Denver Broncos: Mark Barron’s role with the team in 2020
What will Mark Barron’s role be with the Denver Broncos in 2020?
The Denver Broncos made official a move that has been anticipated now for a few days, signing linebacker/safety Mark Barron to a one-year contract.
John Elway is just about making a habit at this point of adding Nick Saban’s Alabama players, signing Kareem Jackson last offseason, and then using his first-round pick in the 2020 NFL Draft on wide receiver Jerry Jeudy.
Barron is still on a very short list of Saban’s Crimson Tide athletes to make their way to the Denver Broncos, but these players are bucking a trend, to be certain.
Barron and Jackson, interestingly enough, were teammates at Alabama for two seasons but they were starters together in 2009, and that was really when Barron got himself on the NFL radar with seven interceptions and 76 total tackles.
The seventh overall pick in the 2012 NFL Draft, Barron has had his ups and downs as an NFL player.
The Buccaneers, who drafted him in 2012, traded him to the St. Louis Rams in 2014, just Barron’s third season in the NFL.
He spent the next four-plus years with the Rams’ organization, moving with them to Los Angeles and playing in all but six games in that timeframe.
As a free agent in 2019, Barron signed a pretty decent contract with the Pittsburgh Steelers, getting two years and $12 million.
The Denver Broncos are getting Barron on a modest one-year deal, and hopefully he can provide some depth and stability at the linebacker position in the wake of Justin Strnad’s recent wrist injury.
Strnad had apparently worked his way into the nickel defense, a fascinating development the Broncos kept pretty well under wraps throughout training camp. The top three linebackers on the team have been Todd Davis, Alexander Johnson, and Josey Jewell, but it looks like the Broncos were planning on Strnad coming onto the field in place of Davis in the nickel defense.

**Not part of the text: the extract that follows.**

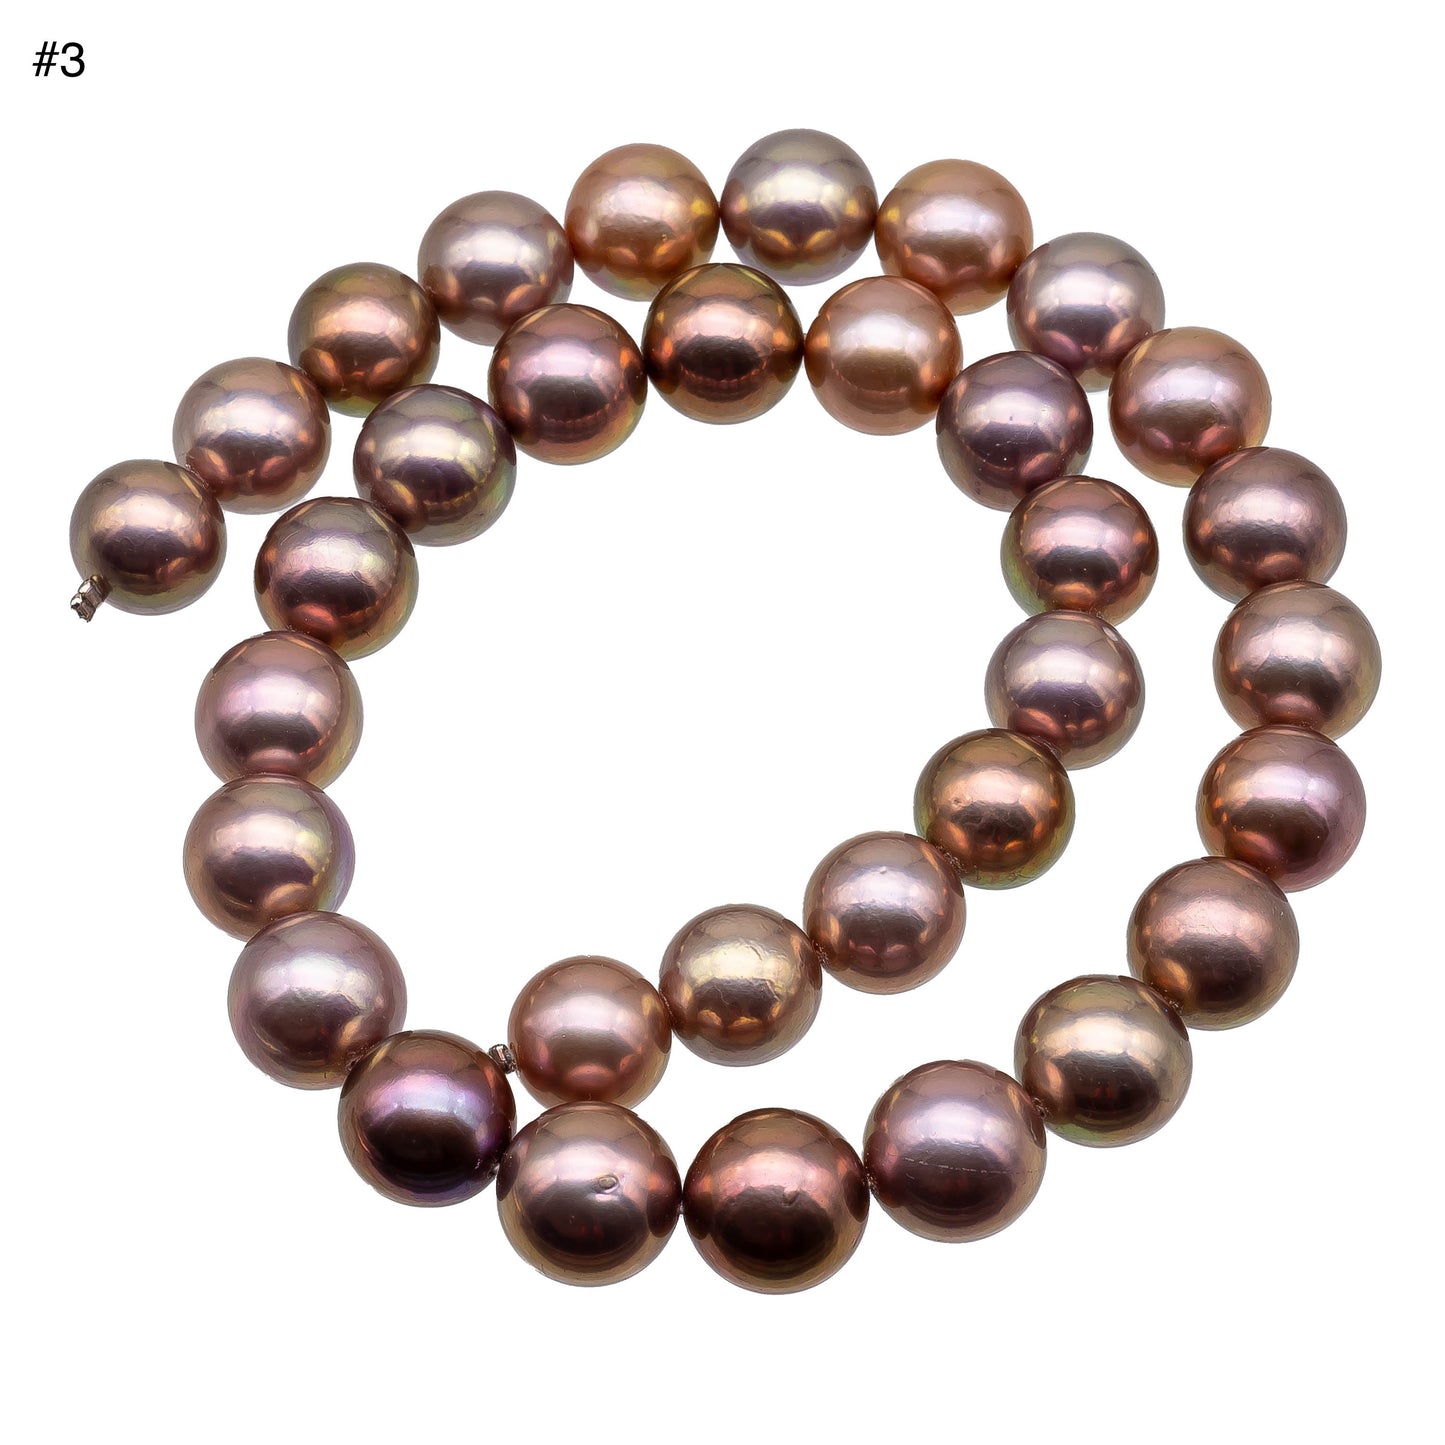 12-14mm Edison Pearl Round or Near Round Natural Mix Color with Extremely Nice Luster, Very Limited Blemish, For Jewelry Making, SKU# 1155EP

That will obviously not be happening anymore, and Barron will presumably fill that role.
Although he’s a former first-round pick and a converted safety at the linebacker position, Barron has struggled at the NFL level in coverage and is not a cure-all for the Broncos in that regard.
He’s going to need a crash course in learning Vic Fangio’s defense, which is what he will get, but in the meantime he’s going to have to prove he can cover backs and tight ends better than Josey Jewell.
The “if not more” piece of Mike Klis’ tweet here is every indicator you need of the Broncos’ plans for Barron in the 2020 season.
He’s going to play.
A lot.
This is not the most exciting prospect for those who have been unimpressed with Barron’s work to this point in his career, but it’s worth noting that despite his struggles, ineptitude, shortcomings — whatever you want to call it — despite it all he played over 700 snaps on the Steelers’ defense in 2019 and they were a top-five scoring defense with more turnovers forced than anyone in the NFL.
Is that to say Barron was directly responsible? No, but it’s possible for a defense to be a fine sum of its parts with Barron in the lineup on the majority of snaps, and not only is it possible, but it’s also proven.
When the Broncos go into their nickel defense, it should be expected that Barron will be out there. Hopefully, he can get his communication with Alexander Johnson and the rest of the players around him on point sooner rather than later.